And this folklore comes from a real nostalgia, a personal experience, that became a political sentiment for those who remember the retro murals that dot the city. This helped the ordinance pass another hurdle in city council this week.

With a 13 to 2 vote, coming with no fanfare or public comment during a special session on Wednesday -- a quick whisper from council tally with no impassioned pleas -- the modified Option B, which doesn't allow murals on single-family homes, has officially moved forward.

It needs to be signed by Mayor Eric Garcetti within 11 days. The mural ordinance will be official 30 days after it's signed. No delays or hiccups are expected.
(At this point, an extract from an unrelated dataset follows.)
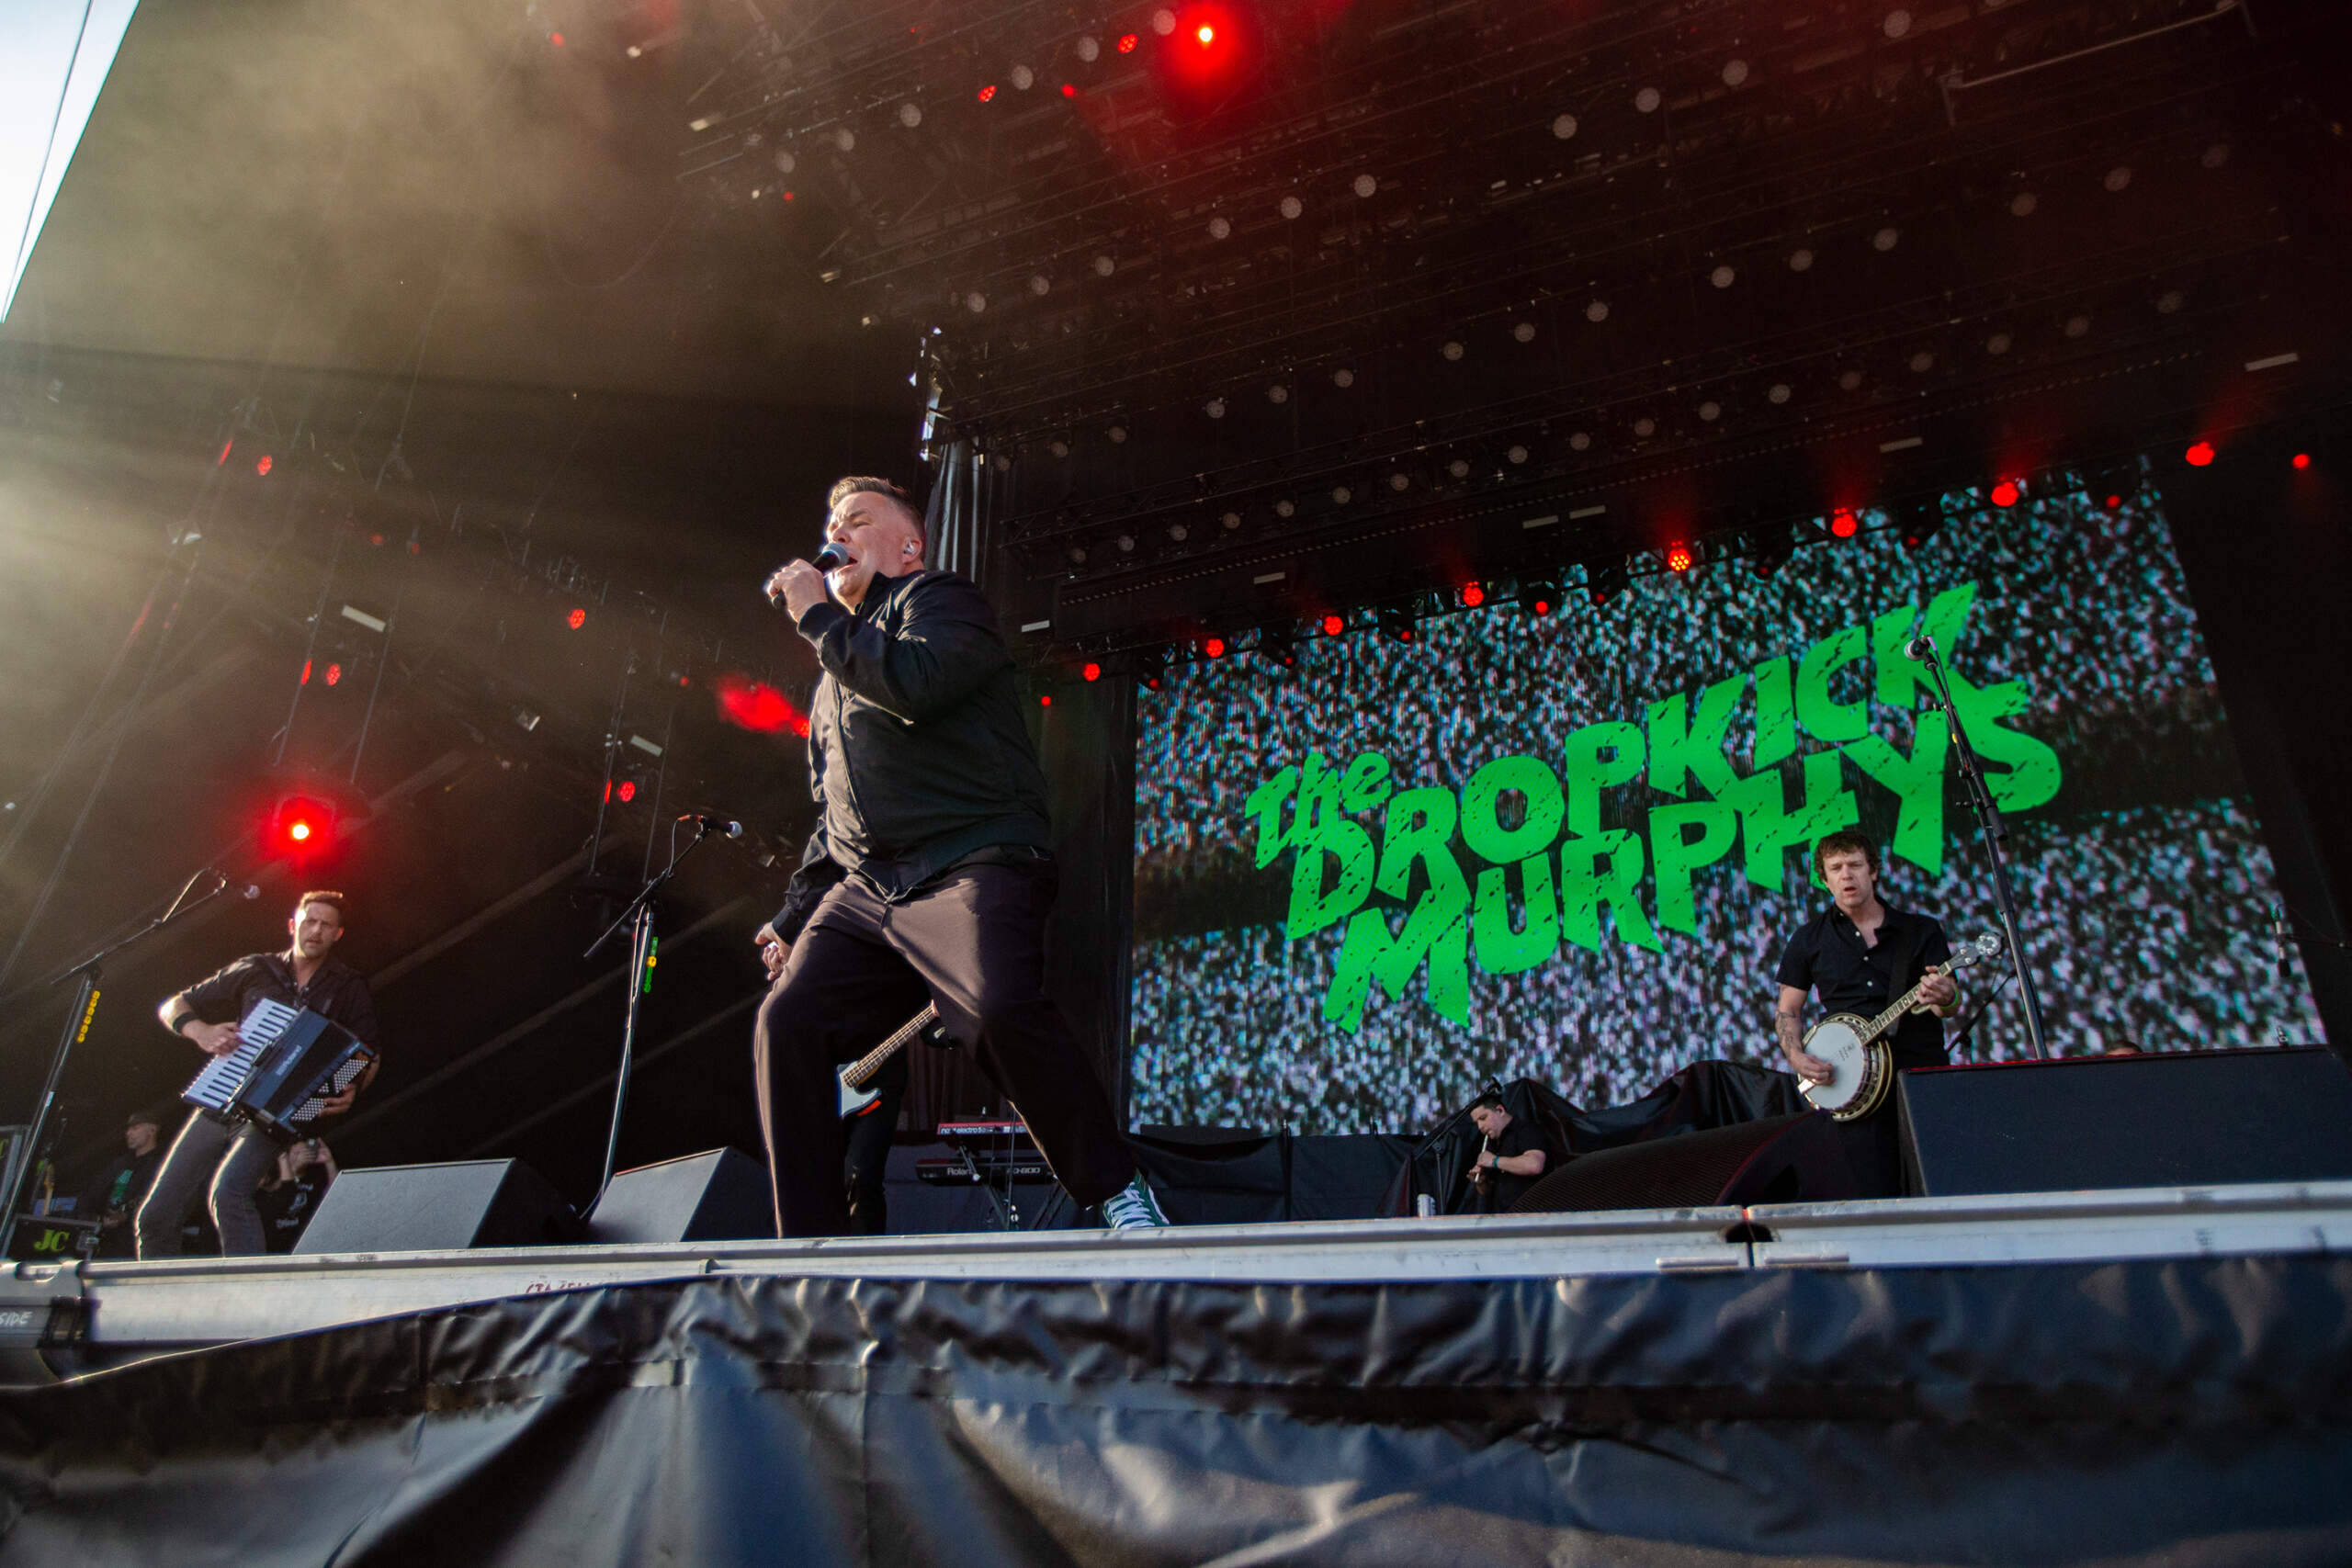 The Dropkick Murphys, who filled in for the Yeah, Yeah, Yeahs, perform at Boston Calling. (Jesse Costa/WBUR)

Leading the victory dance is Tanner Blackman, who led the mural ordinance through drafts and community meetings as City Planner, before shifting to the role of planning director for District 14 Councilmember José Huizar. Last night, Blackman was tweeting out #ArtIsOfficiallyNotACrime.

Discussions on the mural ordinance began in August 2011, and since then lobbied by different styles of artists, while being drafted to protect it from the commercial influences that led to its decade long banishment.

"We as a City decided to embrace our history and re-affirm our commitment to supporting the arts, community building and beautifying our neighborhoods through murals. Now we can begin to re-affirm our claim as the 'Mural Capital of the World," said Councilmember Huizar, after last week's yes vote of the ordinances' first reading. Huizar chairs the Planning & Land Use Committee and, along with former councilmember Ed Reyes, has been one of the ordinance's biggest advocates.

With this passing through council, and expected final signoff from the mayor, the real work begins. That's not referring to the splinters of Option A, packed in motions that will allow art on single-family homes, which is currently being cycled through City Hall's joint committees.

Yes, some artists are ready to lobby for that option, despite only 2 to 3 percent of the city's mural portfolio having been painted on such structures. To them, part of the working mission is to make sure there are no limits on artistic expression.

There is an ironic loophole brewing. District 14 and 1 are waiting to be approved as the subject of a pilot program that allows works on single-family homes -- a compromise by the council who has had to respond to the diversity of comments from different neighborhoods. Some neighborhood councils urged councilmembers to be careful not to open a window for graffiti or street art, often made with no distinction from historical murals. Muralist and MCLA restoration expert, Willie Herrón III, on the other hand, warned that those property owners who want to paint ornamental decoration on the exterior of their homes may find that their taste is being banned.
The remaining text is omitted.